Appendix – Health Plan Improvements and Reductions
The THR review of improvements and reductions looked at plan newsletters issued from June 2009 to present. The SAG plan’s newsletters listed 30 reductions (premium increases, benefit reductions or eliminations and eligibility contractions) and three improvements, for a net change of 27 reductions.
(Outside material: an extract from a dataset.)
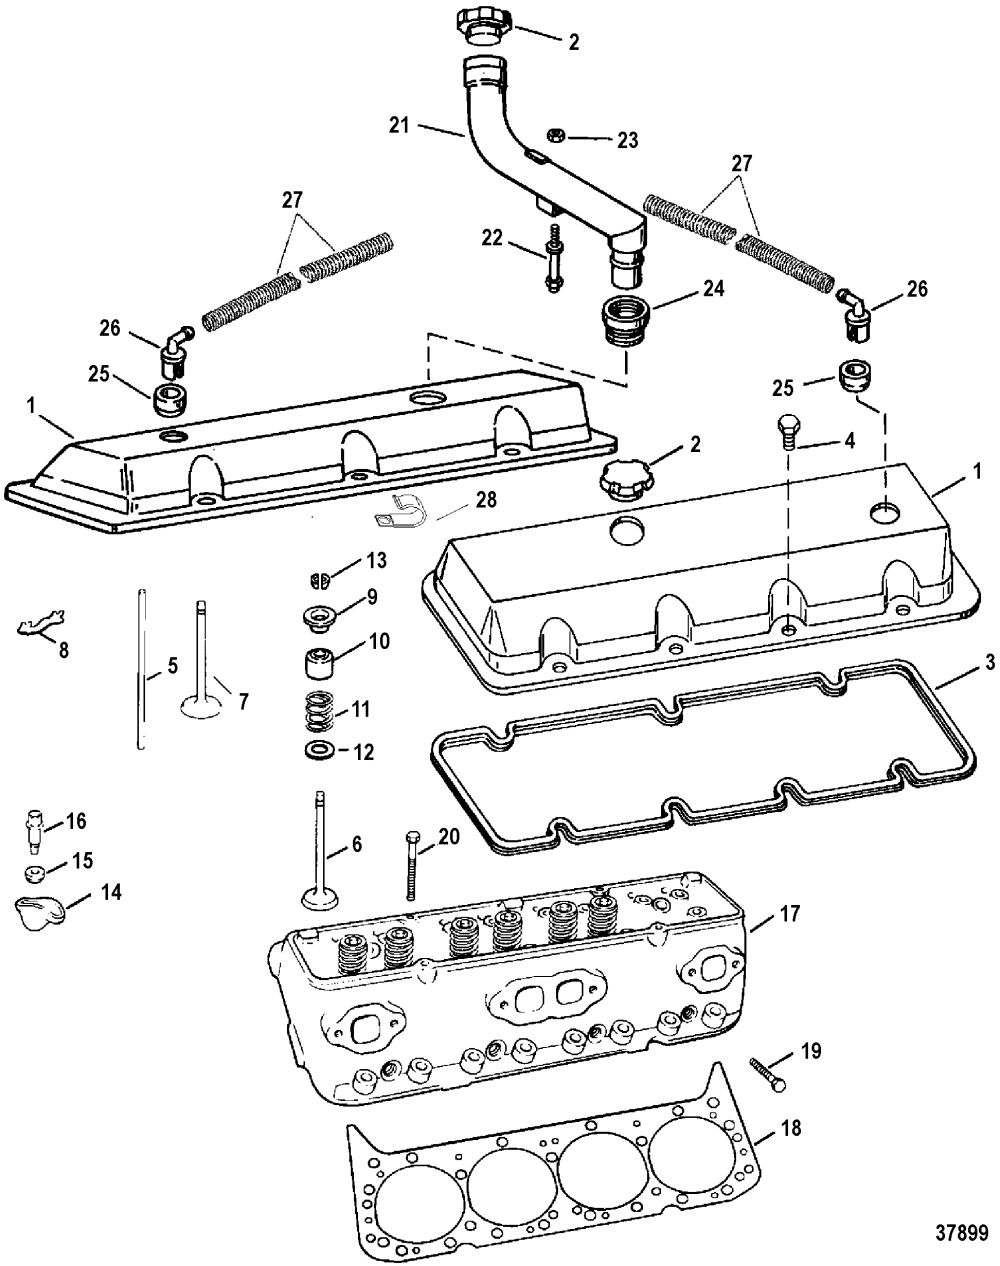 medium resolution of 454 engine parts diagram wiring diagram detailed chevy 454 vacuum diagram chevy 454 rv engine diagram

The corresponding figures derived from the AFTRA plan’s newsletters were 12 reductions and four improvements, for a net change of eight reductions.
These figures exclude changes required by law, as well as changes – which both plans made – related to same-sex marriage, since those are assumed to be a response to social and political changes rather than strictly economic.
The reductions and improvements for each plan were as follows:
SAG Health Plan Reductions
Jan. 1, 2010: Premium increase; Senior premium instituted; Deductible added to mental health and chemical dependency coverage; RX deductible increased; Sleep aids RX limited to 21 days/mo.; Coverage eliminated for non-sedating antihistamines; Plan II out-of-state hospital coverage limited to in network; Allowable charges reduced for injectible RX in doctor’s office; Plan I eligibility threshold increased; Plan II eligibility threshold increased; Plan II age & service eligibility threshold increased.
Jan. 1, 2011: Plan I eligibility threshold increased; Plan II eligibility threshold increased; Plan II days of employment for alternative eligibility increased; Plan II age and service eligibility threshold increased; Plan I non-network hospital coverage eliminated; In-network major medical coinsurance reductions; In-network hospital coinsurance reductions; Non-network hospital coinsurance reductions and increase in out of pocket maximums; Plan II mental health and substance abuse benefits and RX eliminated; Non-preferred brand name RX copays increased; Plan II lower cost self-pay mental health and substance abuse benefits and RX eliminated.
June 1, 2011: Nurseline benefit eliminated.
July 1, 2011: Plan I earned eligibility premiums increased; Plan II earned eligibility premiums increased; Plan II age and service earned eligibility premiums increased.
Jan. 1, 2012: Plan I eligibility threshold increased; Plan II eligibility threshold increased; Plan II age and service eligibility threshold increased; Hospital out of pocket maximums increase; Long term care insurance eliminated.
SAG Health Plan Improvements
Jan. 1, 2010: Cervical traction units covered. Jan. 1, 2011: Lactation consultant benefits added; Coverage of Remicade RX improved.
AFTRA Health Plan Reductions
Jan. 1, 2010: Family premiums increase; Individual premiums increase; Senior plan premiums increase; Changes to senior citizen coordination of benefits w/Medicare.
Jan. 1, 2011: Family premiums increase; Individual premiums increase; Senior plan premiums increase; Mail order RX required for long-term or specialty drugs; $10K earnings qualifies for active plan only, not senior.
Jan. 1, 2012: Family premiums increase; Individual premiums increase; Senior plan premiums increase.
AFTRA Health Plan Improvements
July 1, 2009: Immediate enrollment after COBRA. April 1, 2010: Enhanced ambulance reimbursement. Jan. 1, 2011: $10K earnings & senior family plan allows active family plan at individual rates. Oct. 1, 2011: MPTF added to network.